TASK DATA below:
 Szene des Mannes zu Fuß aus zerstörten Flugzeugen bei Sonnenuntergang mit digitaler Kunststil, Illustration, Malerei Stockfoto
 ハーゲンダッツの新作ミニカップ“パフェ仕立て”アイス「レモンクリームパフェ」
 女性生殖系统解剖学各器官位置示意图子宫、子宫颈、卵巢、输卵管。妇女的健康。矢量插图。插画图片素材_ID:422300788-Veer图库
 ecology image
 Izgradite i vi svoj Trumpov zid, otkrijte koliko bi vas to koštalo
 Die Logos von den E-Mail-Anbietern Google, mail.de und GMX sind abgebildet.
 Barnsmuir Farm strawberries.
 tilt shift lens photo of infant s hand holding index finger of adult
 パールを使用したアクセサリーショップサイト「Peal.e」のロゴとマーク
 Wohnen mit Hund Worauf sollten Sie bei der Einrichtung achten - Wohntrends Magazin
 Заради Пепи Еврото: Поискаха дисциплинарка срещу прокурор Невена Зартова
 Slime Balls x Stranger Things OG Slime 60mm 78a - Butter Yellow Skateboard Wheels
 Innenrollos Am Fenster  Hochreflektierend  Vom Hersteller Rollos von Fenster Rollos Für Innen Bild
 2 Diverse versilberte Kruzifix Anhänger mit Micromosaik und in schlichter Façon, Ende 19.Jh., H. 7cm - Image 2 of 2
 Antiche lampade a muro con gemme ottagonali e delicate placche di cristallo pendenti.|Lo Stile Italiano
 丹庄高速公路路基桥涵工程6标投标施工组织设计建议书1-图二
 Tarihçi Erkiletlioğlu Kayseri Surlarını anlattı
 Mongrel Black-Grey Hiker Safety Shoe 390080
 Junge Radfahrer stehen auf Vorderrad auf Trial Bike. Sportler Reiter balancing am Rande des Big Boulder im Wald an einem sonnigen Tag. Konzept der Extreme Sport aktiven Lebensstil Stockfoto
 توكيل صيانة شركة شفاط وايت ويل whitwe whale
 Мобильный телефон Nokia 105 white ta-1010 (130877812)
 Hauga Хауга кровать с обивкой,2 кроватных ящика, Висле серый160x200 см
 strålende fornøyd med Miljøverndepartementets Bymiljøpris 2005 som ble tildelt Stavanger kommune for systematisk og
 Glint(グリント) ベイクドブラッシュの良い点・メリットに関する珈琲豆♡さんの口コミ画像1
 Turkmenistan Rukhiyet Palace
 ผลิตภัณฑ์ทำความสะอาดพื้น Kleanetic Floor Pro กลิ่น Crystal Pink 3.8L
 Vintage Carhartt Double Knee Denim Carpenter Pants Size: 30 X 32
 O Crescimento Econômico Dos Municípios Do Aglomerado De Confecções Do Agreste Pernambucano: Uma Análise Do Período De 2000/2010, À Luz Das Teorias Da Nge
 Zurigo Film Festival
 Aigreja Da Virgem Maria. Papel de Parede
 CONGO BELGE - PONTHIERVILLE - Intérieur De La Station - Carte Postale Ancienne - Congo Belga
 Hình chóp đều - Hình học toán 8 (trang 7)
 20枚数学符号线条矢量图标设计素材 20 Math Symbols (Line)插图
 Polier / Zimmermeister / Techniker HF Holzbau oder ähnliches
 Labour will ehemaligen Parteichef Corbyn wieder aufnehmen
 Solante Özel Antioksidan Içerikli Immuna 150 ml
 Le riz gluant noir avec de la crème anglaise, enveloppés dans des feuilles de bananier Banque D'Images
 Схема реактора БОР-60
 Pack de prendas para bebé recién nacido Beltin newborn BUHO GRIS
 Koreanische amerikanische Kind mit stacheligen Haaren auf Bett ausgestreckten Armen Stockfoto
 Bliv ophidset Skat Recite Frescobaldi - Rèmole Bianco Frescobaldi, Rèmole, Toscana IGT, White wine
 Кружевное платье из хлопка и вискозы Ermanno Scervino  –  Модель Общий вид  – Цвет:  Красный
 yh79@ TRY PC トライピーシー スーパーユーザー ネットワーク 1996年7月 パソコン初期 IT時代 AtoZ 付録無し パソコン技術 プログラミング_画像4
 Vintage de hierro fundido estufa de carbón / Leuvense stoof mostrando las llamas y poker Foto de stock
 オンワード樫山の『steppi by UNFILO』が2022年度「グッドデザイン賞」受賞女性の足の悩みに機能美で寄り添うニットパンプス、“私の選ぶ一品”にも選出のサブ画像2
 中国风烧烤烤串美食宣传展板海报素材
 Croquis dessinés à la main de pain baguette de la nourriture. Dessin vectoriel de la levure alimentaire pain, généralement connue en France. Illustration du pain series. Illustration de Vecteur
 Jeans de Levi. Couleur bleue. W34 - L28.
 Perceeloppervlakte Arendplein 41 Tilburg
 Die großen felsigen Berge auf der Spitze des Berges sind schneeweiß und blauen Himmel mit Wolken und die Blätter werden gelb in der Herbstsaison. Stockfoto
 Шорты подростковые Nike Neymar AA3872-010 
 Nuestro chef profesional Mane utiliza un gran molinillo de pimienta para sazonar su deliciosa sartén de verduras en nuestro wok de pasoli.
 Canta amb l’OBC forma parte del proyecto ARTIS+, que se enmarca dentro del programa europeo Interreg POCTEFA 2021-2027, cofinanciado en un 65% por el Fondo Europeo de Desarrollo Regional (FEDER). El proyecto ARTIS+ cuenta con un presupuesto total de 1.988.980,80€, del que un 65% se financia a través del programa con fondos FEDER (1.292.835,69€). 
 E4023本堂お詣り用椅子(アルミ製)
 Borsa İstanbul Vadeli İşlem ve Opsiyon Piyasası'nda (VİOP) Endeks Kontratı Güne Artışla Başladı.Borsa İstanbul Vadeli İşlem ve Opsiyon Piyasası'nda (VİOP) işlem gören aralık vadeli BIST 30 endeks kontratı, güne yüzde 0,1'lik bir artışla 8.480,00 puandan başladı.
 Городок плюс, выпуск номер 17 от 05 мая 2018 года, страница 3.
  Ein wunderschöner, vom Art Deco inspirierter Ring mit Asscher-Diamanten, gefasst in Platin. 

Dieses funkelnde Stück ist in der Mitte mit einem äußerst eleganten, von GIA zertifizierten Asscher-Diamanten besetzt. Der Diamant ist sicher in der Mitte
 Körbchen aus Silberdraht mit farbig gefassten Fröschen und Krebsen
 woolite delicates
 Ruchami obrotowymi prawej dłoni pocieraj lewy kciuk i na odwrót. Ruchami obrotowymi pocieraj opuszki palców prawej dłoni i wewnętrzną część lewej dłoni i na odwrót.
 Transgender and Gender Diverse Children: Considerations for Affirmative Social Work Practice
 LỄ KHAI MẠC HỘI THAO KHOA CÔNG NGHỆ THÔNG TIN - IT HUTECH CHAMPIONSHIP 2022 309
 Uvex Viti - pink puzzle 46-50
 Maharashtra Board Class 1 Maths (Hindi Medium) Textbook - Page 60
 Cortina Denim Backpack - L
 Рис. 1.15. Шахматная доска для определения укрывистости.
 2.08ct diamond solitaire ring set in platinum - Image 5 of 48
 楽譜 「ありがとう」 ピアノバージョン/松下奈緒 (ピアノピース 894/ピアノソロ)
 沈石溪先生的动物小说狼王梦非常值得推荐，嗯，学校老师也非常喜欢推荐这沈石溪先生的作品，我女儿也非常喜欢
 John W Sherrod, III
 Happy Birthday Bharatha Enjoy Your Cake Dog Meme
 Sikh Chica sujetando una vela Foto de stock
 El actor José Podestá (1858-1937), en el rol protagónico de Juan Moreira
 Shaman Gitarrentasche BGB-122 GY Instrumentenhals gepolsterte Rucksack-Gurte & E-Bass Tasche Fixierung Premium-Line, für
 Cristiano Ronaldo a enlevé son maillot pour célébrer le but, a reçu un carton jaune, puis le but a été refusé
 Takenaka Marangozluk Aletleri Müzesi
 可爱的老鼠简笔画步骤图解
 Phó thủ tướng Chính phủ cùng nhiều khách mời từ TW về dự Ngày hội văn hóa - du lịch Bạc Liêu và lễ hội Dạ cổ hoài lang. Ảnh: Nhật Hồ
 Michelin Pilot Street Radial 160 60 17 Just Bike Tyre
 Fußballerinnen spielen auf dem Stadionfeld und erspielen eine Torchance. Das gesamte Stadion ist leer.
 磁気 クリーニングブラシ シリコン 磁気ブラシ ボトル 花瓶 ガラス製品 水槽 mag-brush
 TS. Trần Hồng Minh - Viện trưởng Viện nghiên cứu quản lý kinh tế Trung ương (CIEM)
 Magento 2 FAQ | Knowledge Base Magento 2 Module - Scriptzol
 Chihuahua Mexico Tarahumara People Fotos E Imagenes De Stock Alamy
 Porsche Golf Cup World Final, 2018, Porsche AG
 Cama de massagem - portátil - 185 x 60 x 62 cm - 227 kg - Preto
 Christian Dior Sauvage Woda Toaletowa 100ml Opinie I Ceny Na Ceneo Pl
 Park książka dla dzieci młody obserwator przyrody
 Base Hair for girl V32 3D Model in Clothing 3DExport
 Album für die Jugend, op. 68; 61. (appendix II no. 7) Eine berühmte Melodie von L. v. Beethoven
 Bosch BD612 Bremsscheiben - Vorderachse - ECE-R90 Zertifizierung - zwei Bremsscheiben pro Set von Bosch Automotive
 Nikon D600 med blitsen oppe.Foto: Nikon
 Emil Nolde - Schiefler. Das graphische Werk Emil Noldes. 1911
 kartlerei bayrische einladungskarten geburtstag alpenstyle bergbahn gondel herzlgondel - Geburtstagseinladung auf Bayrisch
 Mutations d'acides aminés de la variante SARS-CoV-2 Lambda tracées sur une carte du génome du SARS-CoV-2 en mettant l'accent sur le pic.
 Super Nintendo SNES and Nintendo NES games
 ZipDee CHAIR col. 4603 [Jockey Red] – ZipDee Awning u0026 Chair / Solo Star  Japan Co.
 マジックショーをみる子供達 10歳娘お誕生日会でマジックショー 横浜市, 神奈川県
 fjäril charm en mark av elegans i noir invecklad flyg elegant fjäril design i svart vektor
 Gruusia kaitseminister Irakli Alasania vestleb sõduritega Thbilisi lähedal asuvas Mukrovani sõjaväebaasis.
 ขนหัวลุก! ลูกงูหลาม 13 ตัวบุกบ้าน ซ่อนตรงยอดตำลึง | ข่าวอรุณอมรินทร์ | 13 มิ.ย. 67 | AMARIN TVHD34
End of TASK DATA.
WHAT IS EXPECTED:
Your answer should be the exact lines above from the one with "Innenrollos Am Fenster" through the one with "Glint(グリント) ベイ", both included, and nothing besides.

RESPONSE BOX:
 Innenrollos Am Fenster  Hochreflektierend  Vom Hersteller Rollos von Fenster Rollos Für Innen Bild
 2 Diverse versilberte Kruzifix Anhänger mit Micromosaik und in schlichter Façon, Ende 19.Jh., H. 7cm - Image 2 of 2
 Antiche lampade a muro con gemme ottagonali e delicate placche di cristallo pendenti.|Lo Stile Italiano
 丹庄高速公路路基桥涵工程6标投标施工组织设计建议书1-图二
 Tarihçi Erkiletlioğlu Kayseri Surlarını anlattı
 Mongrel Black-Grey Hiker Safety Shoe 390080
 Junge Radfahrer stehen auf Vorderrad auf Trial Bike. Sportler Reiter balancing am Rande des Big Boulder im Wald an einem sonnigen Tag. Konzept der Extreme Sport aktiven Lebensstil Stockfoto
 توكيل صيانة شركة شفاط وايت ويل whitwe whale
 Мобильный телефон Nokia 105 white ta-1010 (130877812)
 Hauga Хауга кровать с обивкой,2 кроватных ящика, Висле серый160x200 см
 strålende fornøyd med Miljøverndepartementets Bymiljøpris 2005 som ble tildelt Stavanger kommune for systematisk og
 Glint(グリント) ベイクドブラッシュの良い点・メリットに関する珈琲豆♡さんの口コミ画像1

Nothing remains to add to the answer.